In Letters To A Young Poet, Rainer Maria Rilke writes, “everything is gestation, then bringing forth”. My daily munge, what others might refer to as daily writing practice or a journal, is my place and process for gestation. It’s a place where I scribble and doodle and scrawl.
Sometimes it’s five hours’ worth of writing; sometimes it’s five minutes.
Anything is fair game for the daily munge, any quotidian artifact that even fleetingly piques my interest. There’s no referee, no editor, no judgment. Not at first.
Like a sculptor’s studio where I can explore an idea that may or may not evolve into a finished work, the daily munge let’s me experiment and carve away and mash the rejects only to pick them up again later to try again. Sometimes a poem or a story or an essay is born; more often I create, curate and then abandon my words.

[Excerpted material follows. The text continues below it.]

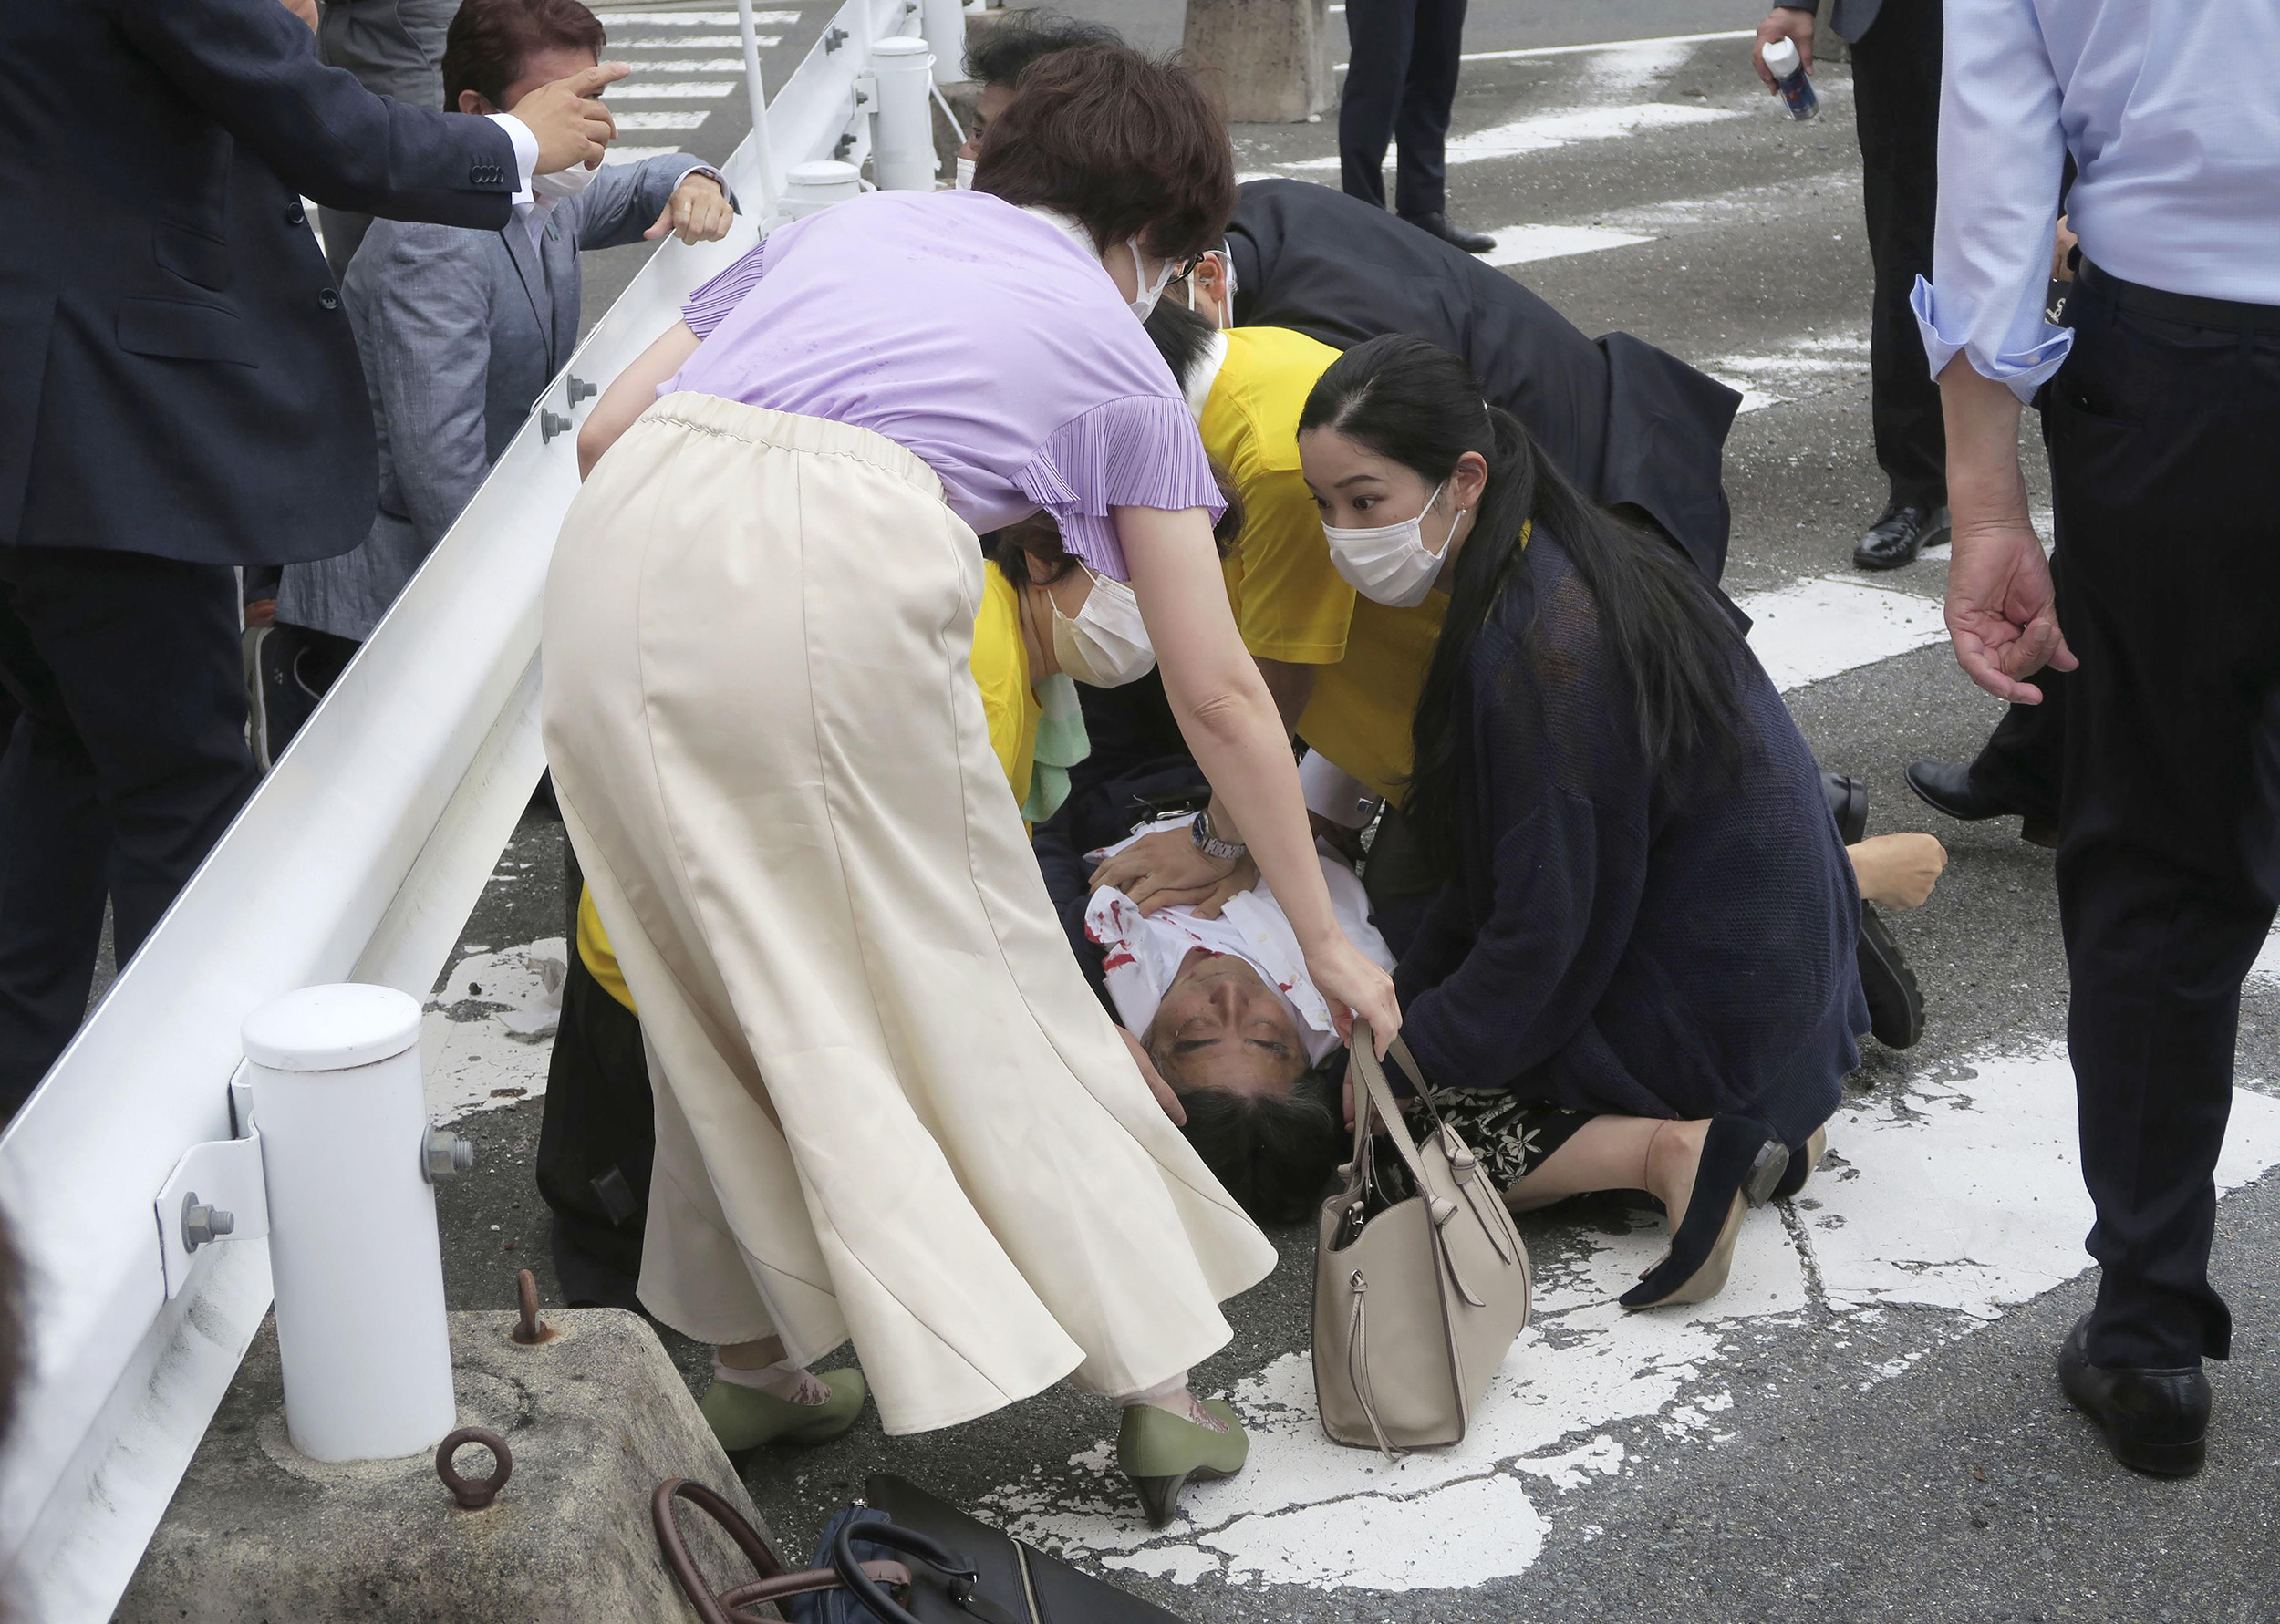 Japan's former Prime Minister Shinzo Abe, center, lies on the ground having been shot in Nara, Japan, on July 8.

Very little ever comes out of the daily munge in the short term, and yet most of my completed storytelling and writing had its inception there. Gestation is critical. As is patience and perseverance. I’ve learned these lessons many times, and yet I’m forced to relearn them each time I initiate and complete a new creative project.
Although renovating Rosslyn involved more woodwork and plaster and masonry and paint than the average poem or story, it too was gestation. It too demanded patience and perseverance, more sometimes than my bride and I could muster. Or so it seemed, until at last we were able to bring forth a home, a revitalized historic artifact, a font of memories and stories and lives.
A time capsule, the daily munge preserved the highs and lows of three, almost four years spent renovating Rosslyn. A mosaic of artifacts and memories. A sometimes euphoric, sometimes angry and frequently confused or frustrated tangle of interconnected narratives. This is the material I’ve been exploring and sculpting into Rosslyn Redux. This is the clunky, unedited avalanche of dreams and disappointments and triumphs and compromises that sometimes sweeps me up and plunges me—gasping for air, somersaulting blindly—downward.
Today has been one of those days. I’m trying to remind myself, “everything is gestation, then bringing forth”. I am so damned ready for the bringing forth! Patience. Perseverance. Thank you.